OWASP Mapping: A07 Identification and Authentication Failures. The Uber breach is the defining infrastructure example. Okta demonstrates session token theft as a related A07 variant.


The Big Picture

┌─────────────────────────────────────────────────────────────────────┐
│                    MFA FATIGUE ATTACK ANATOMY                       │
│                                                                     │
│   STEP 1: OBTAIN CREDENTIALS                                        │
│   Attacker ──── phish / buy on market ──────▶ username + password  │
│                                                                     │
│   STEP 2: TRIGGER MFA FLOOD                                         │
│   Attacker ──── repeated login attempts ────▶ Push #1 → User: NO   │
│                                               Push #2 → User: NO   │
│                                               Push #3 → User: NO   │
│                                               Push #4 → User: ???   │
│                                                                     │
│   STEP 3: SOCIAL ENGINEERING LAYER                                  │
│   Attacker ──── "Hi, I'm from IT support.                           │
│                  Please accept the next push."                      │
│                                               Push #4 → User: YES  │
│                                                                     │
│   STEP 4: ACCESS                                                    │
│   Attacker ──── authenticated session ──────▶ Internal network      │
│                                               Enumerate shares      │
│                                               Find next credential  │
│                                                                     │
│   ═══════════════════════════════════════════════════════           │
│   WHY TRAINING DOESN'T HELP:                                        │
│   Push MFA trains users to tap accept. The attacker exploits        │
│   the trained behavior. Education competes with habit.              │
│                                                                     │
│   WHY HARDWARE KEYS DO:                                             │
│   FIDO2 requires physical presence. WhatsApp message                │
│   cannot accept a hardware key challenge.                           │
└─────────────────────────────────────────────────────────────────────┘

An MFA fatigue attack is how you bypass multi-factor authentication without breaking encryption or stealing the MFA seed — you exploit the user’s psychology and the UX of push-notification systems. The attacker knows the password. The only thing standing between them and access is the user’s willingness to tap “deny” indefinitely.

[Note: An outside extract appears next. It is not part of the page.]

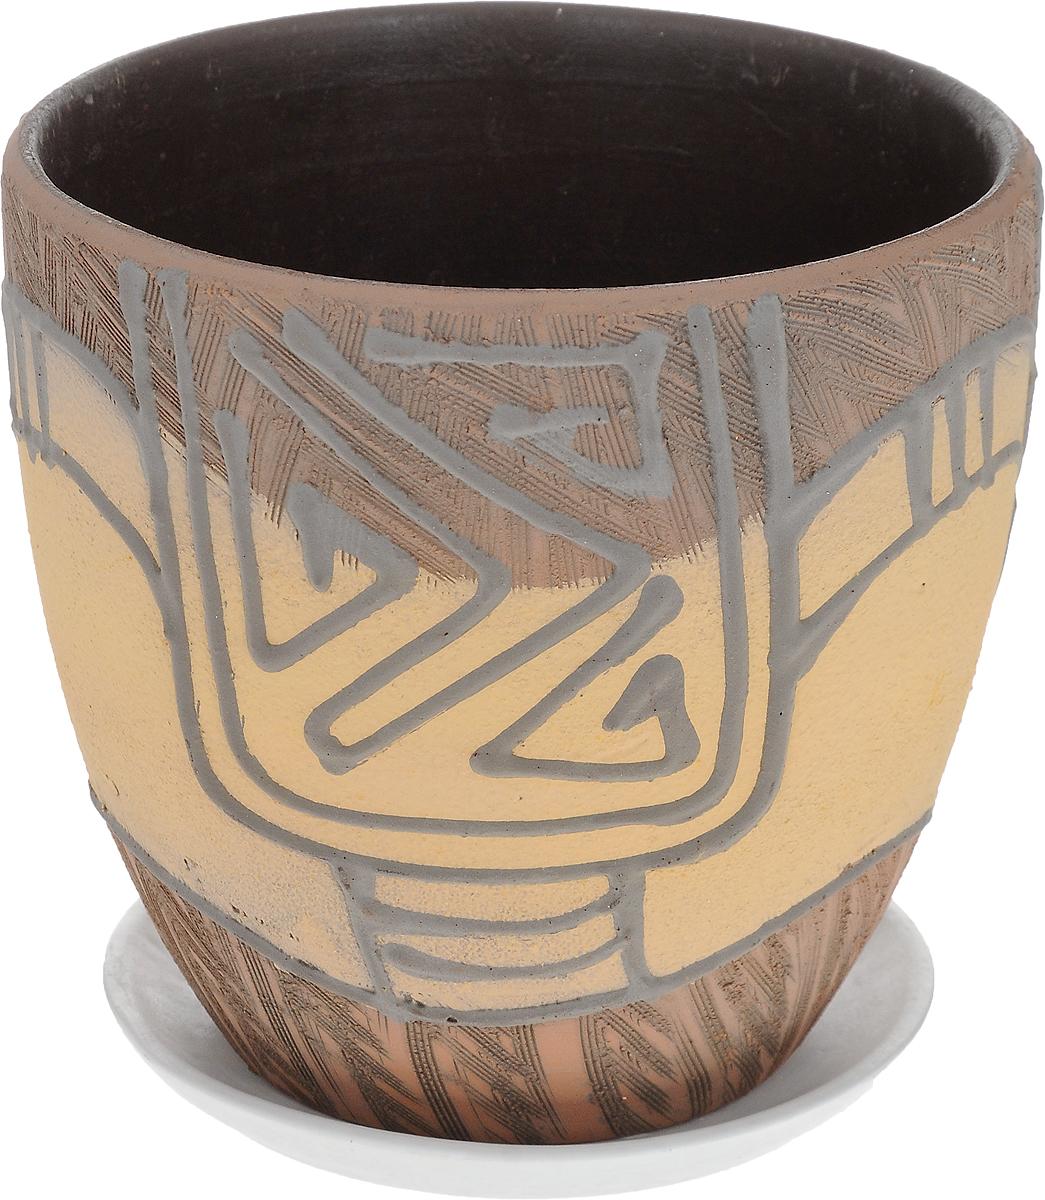 Кашпо Водоворот, 1,5 л1138557Комнатные растения — всеобщие любимцы. Они радуют глаз, насыщают помещение кислородом и украшают пространство. Каждому из них необходим свой удобный и красивый дом. Кашпо из керамики прекрасно подходит для высадки растений: за счет пластичности глины и разных способов обработки существует великое множество форм и дизайнов, пористый материал позволяет испаряться лишней влаге, воздух, необходимый для дыхания корней, проникает сквозь керамические стенки. Кашпо Водоворот освежит интерьер и подчеркнет его стиль.

The Uber Breach: Anatomy Minute by Minute

September 15, 2022. The attacker’s capabilities: a purchased credential set for an Uber contractor account, a phone number, and patience.

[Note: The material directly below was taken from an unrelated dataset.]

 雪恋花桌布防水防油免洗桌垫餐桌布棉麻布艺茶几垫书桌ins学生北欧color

The credential acquisition: Uber contractor credentials were available on criminal marketplaces. The attacker obtained a valid username and password for an Uber contractor’s Uber corporate account.

The MFA flood:

The contractor’s account had Duo push-based MFA enrolled. The attacker initiated login attempts repeatedly, triggering a sequence of Duo push notifications to the contractor’s phone. The contractor rejected three or four of them. At this point, most attacks would stop — but the attacker added a social engineering layer.

The WhatsApp message:

The attacker sent a WhatsApp message to the contractor’s number, claiming to be from Uber IT support:

“Hi, this is the Uber IT support team. We’re seeing some issues with your account and need you to approve the next Duo notification to verify your identity.”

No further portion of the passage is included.